What you need to do
Repeat exactly, and only, the lines from the line bearing "A stamping head" through the end of the material. Do not copy the pictures.

Raw data
━━━━━━

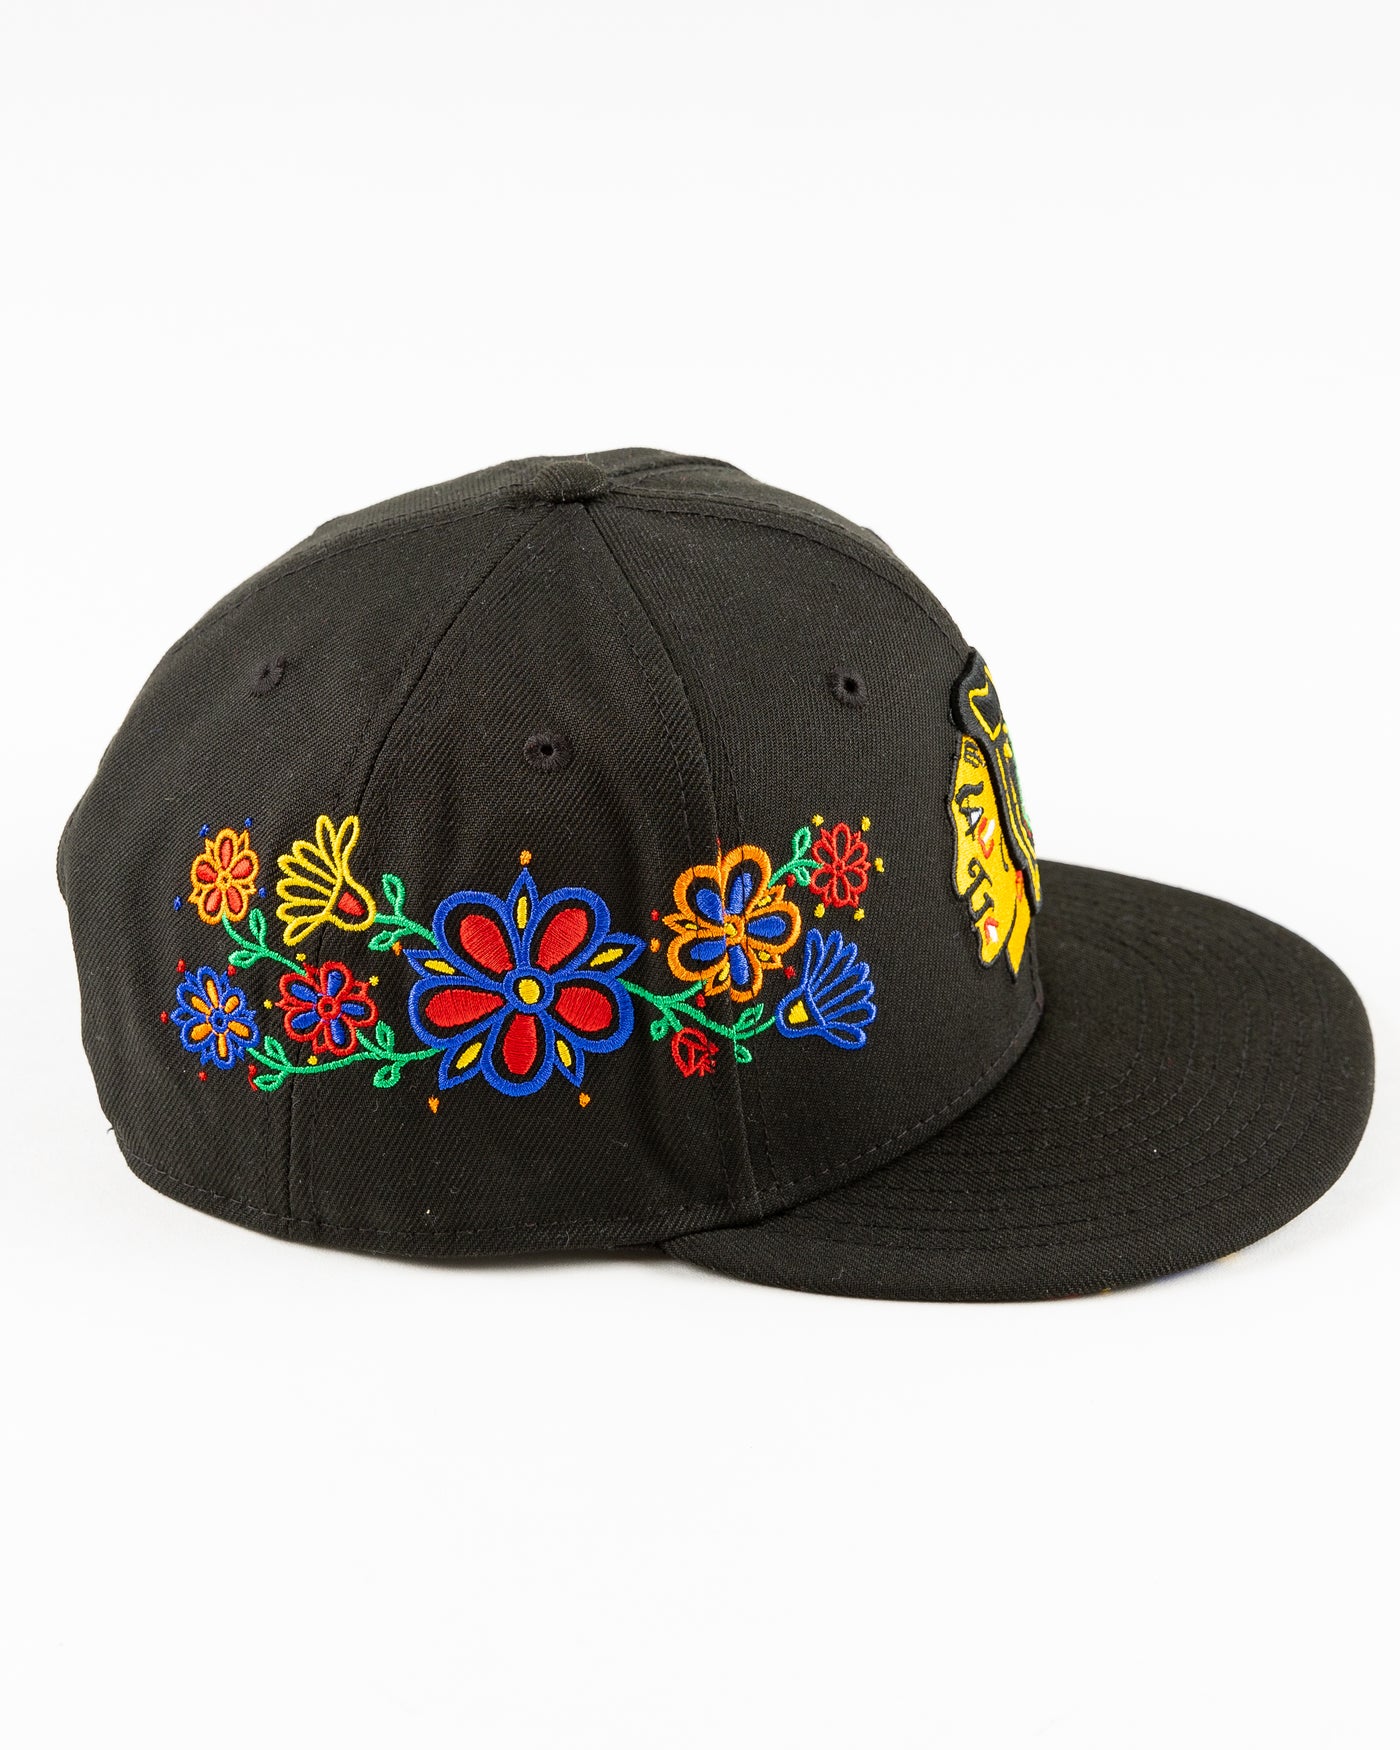 black New Era snapback with Chicago Blackhawks primary logo surrounded by floral pattern - right side lay flat
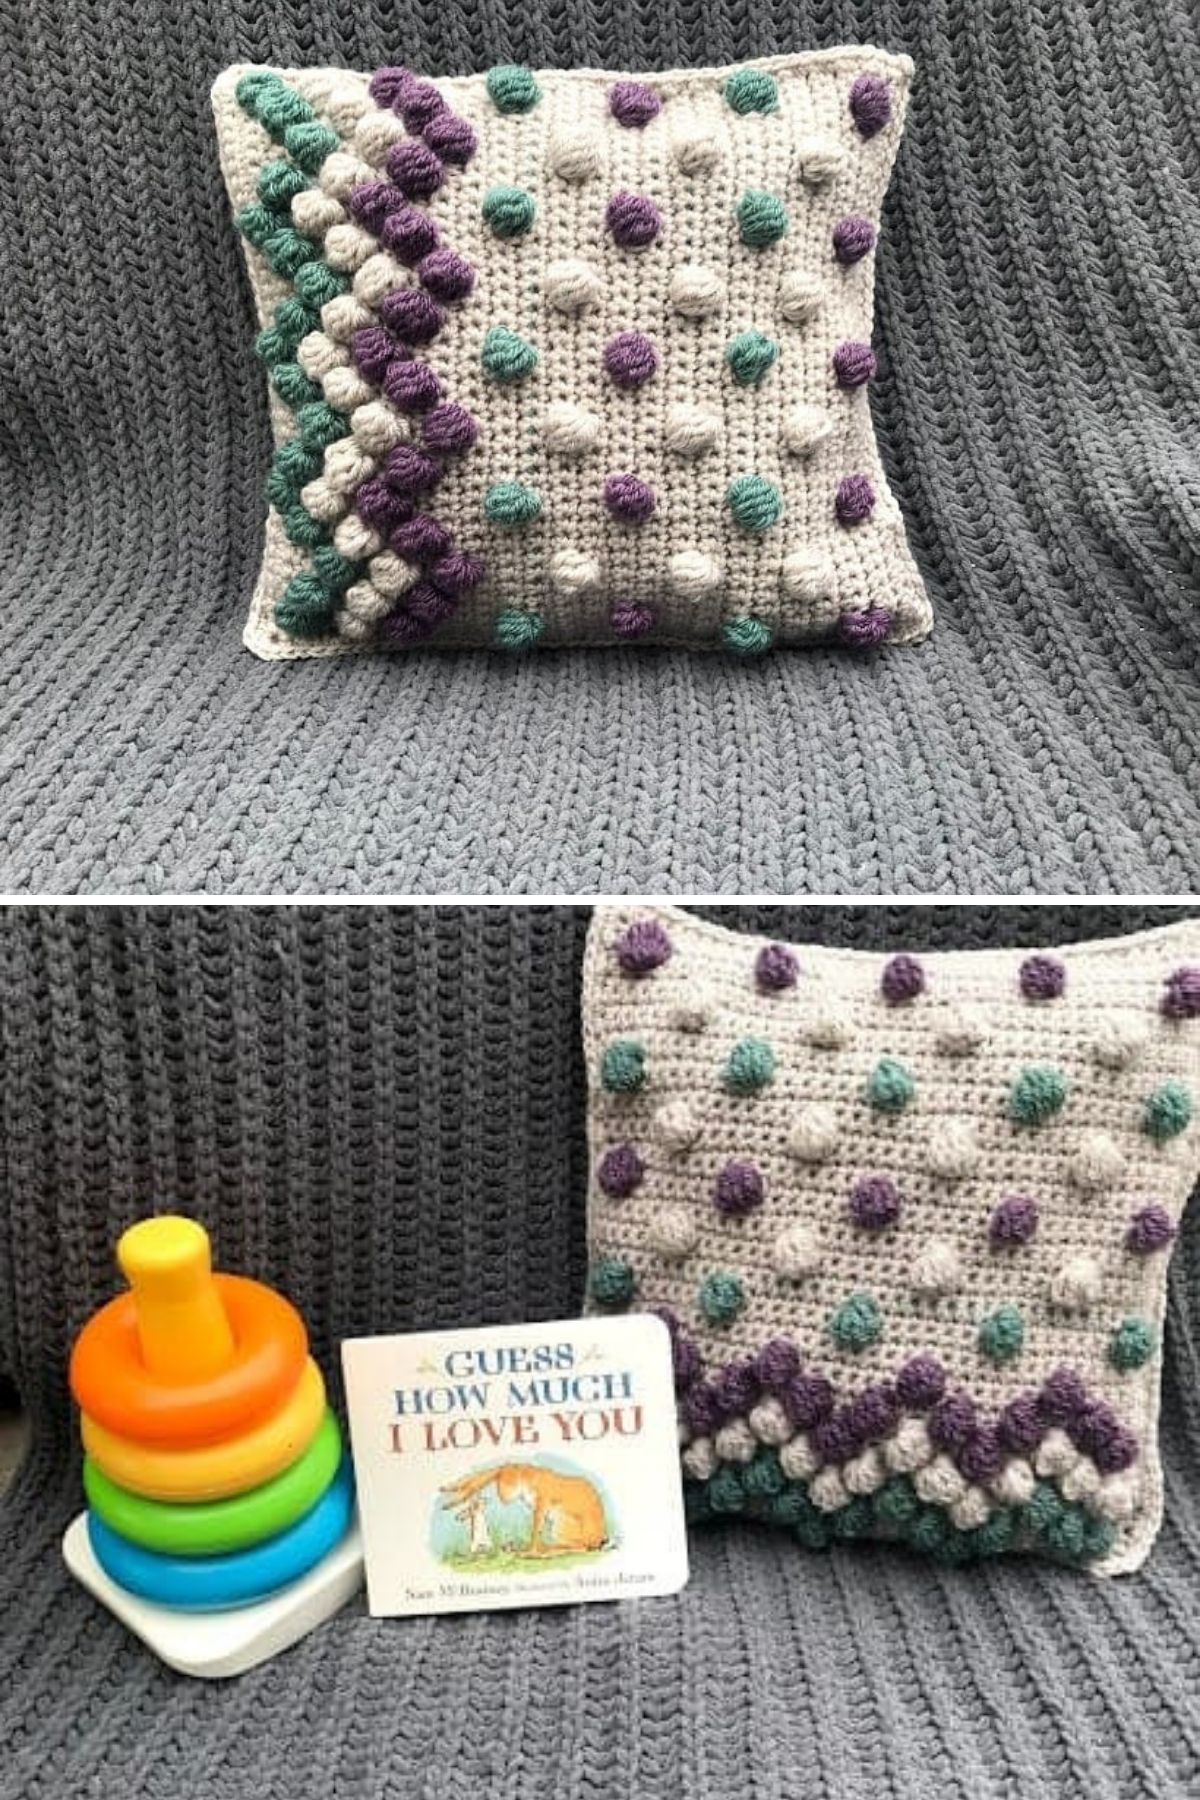 Cream pillow with purple and teal bobbles in a zig zag
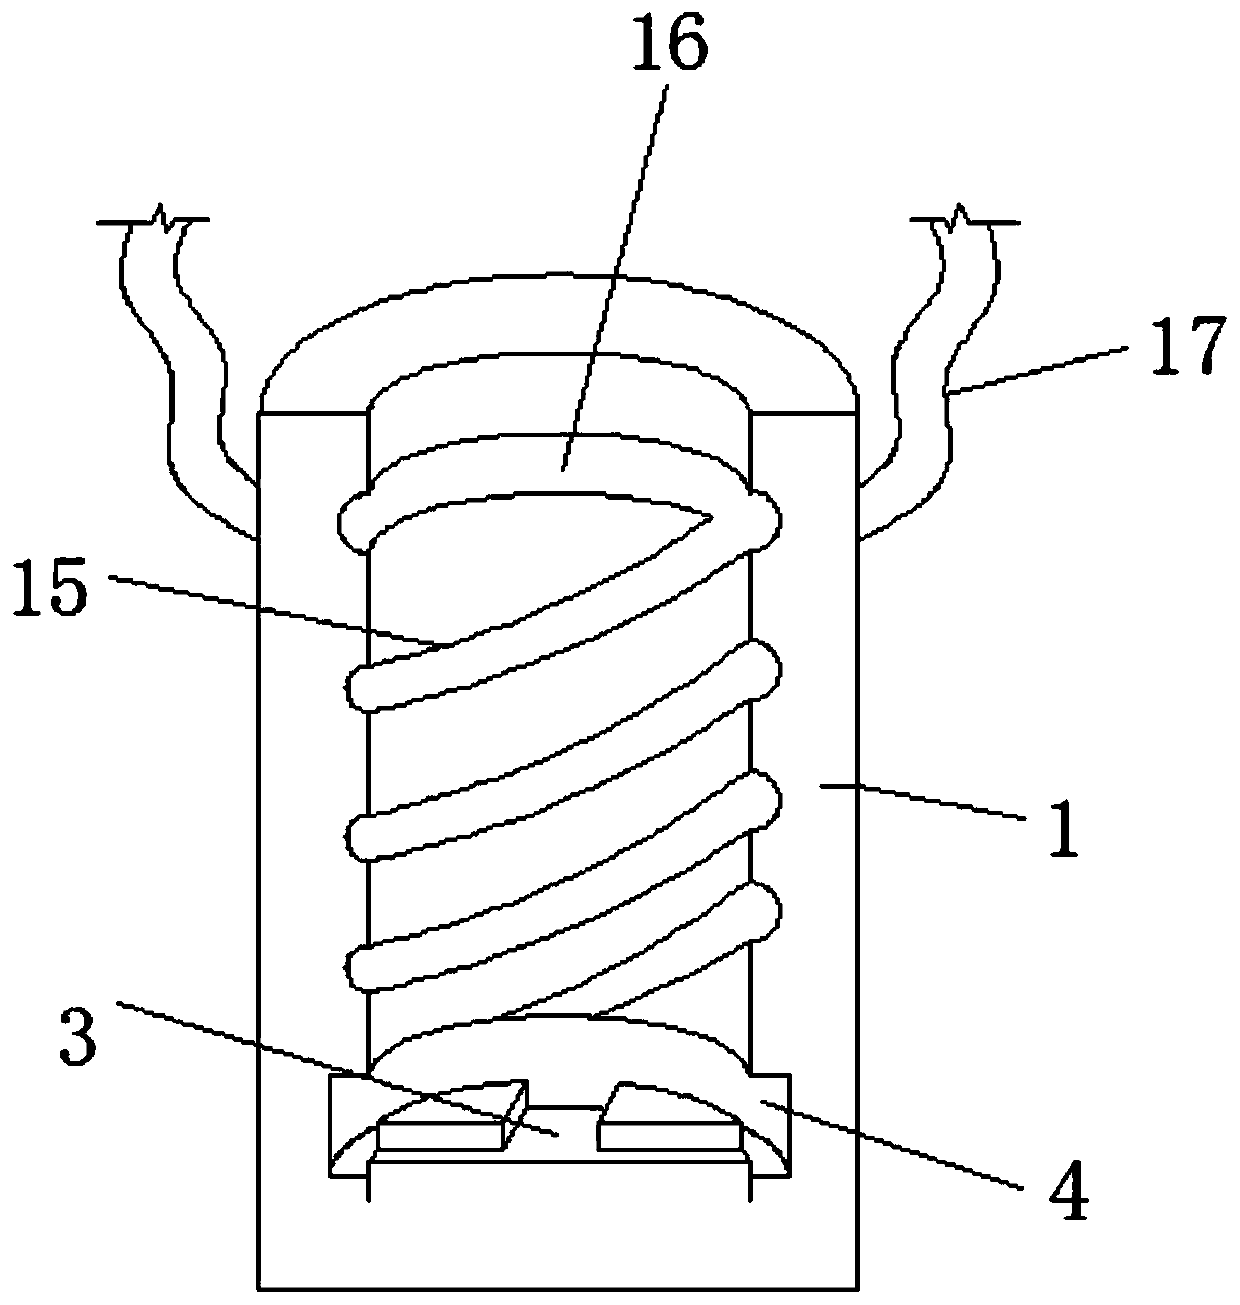 A stamping head with heat dissipation function for stamping
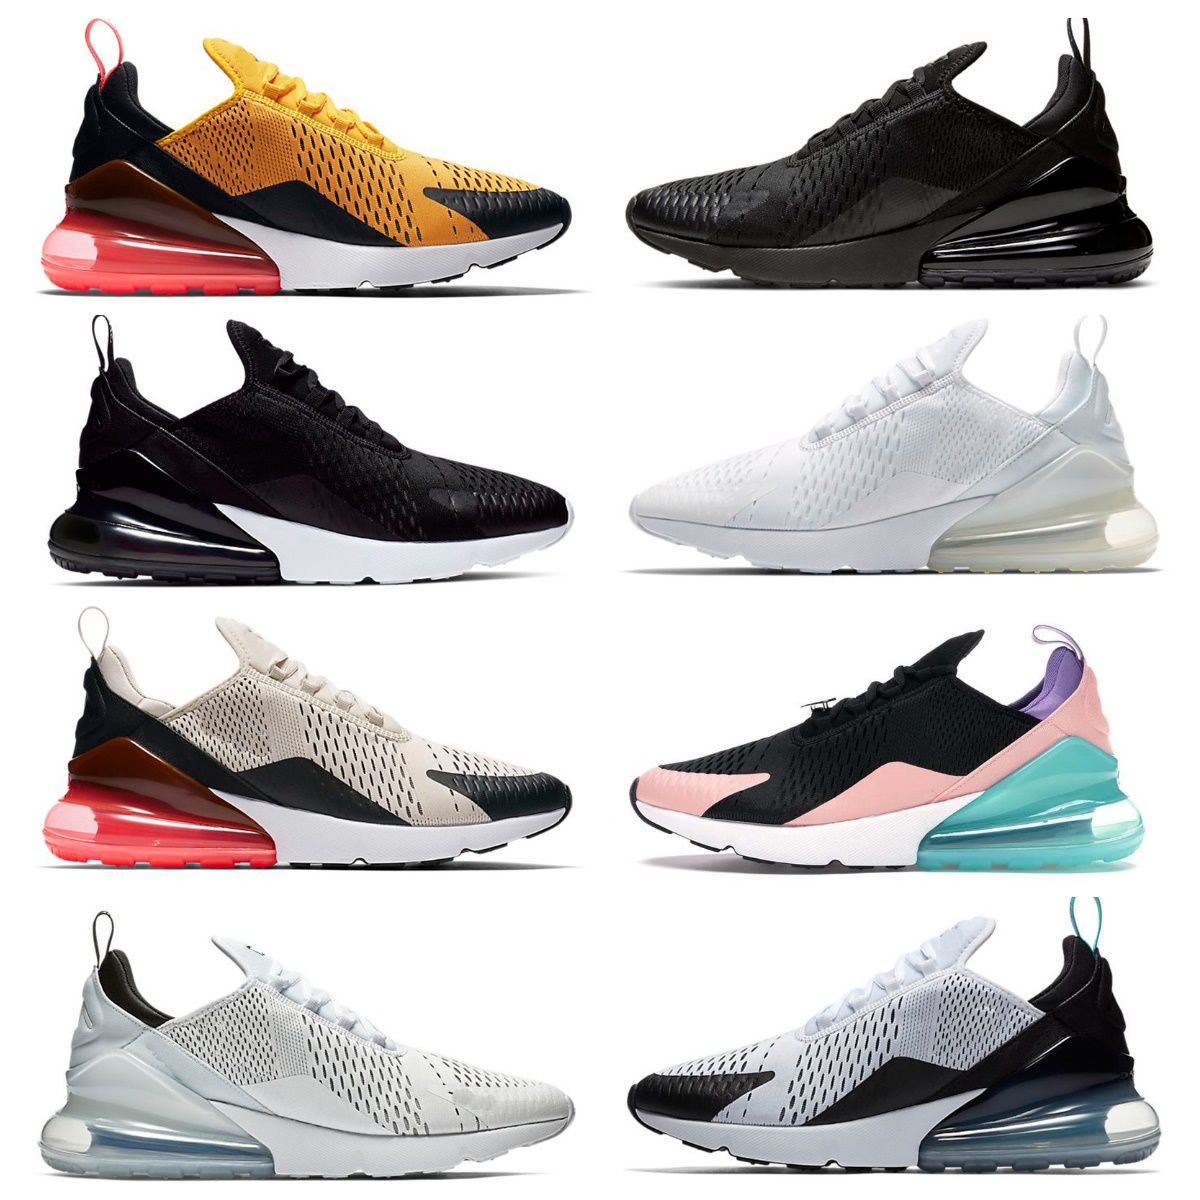 

270s men woman running shoes 270 Triple White Black Oreo Barely Rose Dusty Cactus Photo Blue University Gold Neon Green airs mens trainers womens sports sneakers, Bubble package bag

━━━━━━

Problem solution
 A stamping head with heat dissipation function for stamping

270s men woman running shoes 270 Triple White Black Oreo Barely Rose Dusty Cactus Photo Blue University Gold Neon Green airs mens trainers womens sports sneakers, Bubble package bag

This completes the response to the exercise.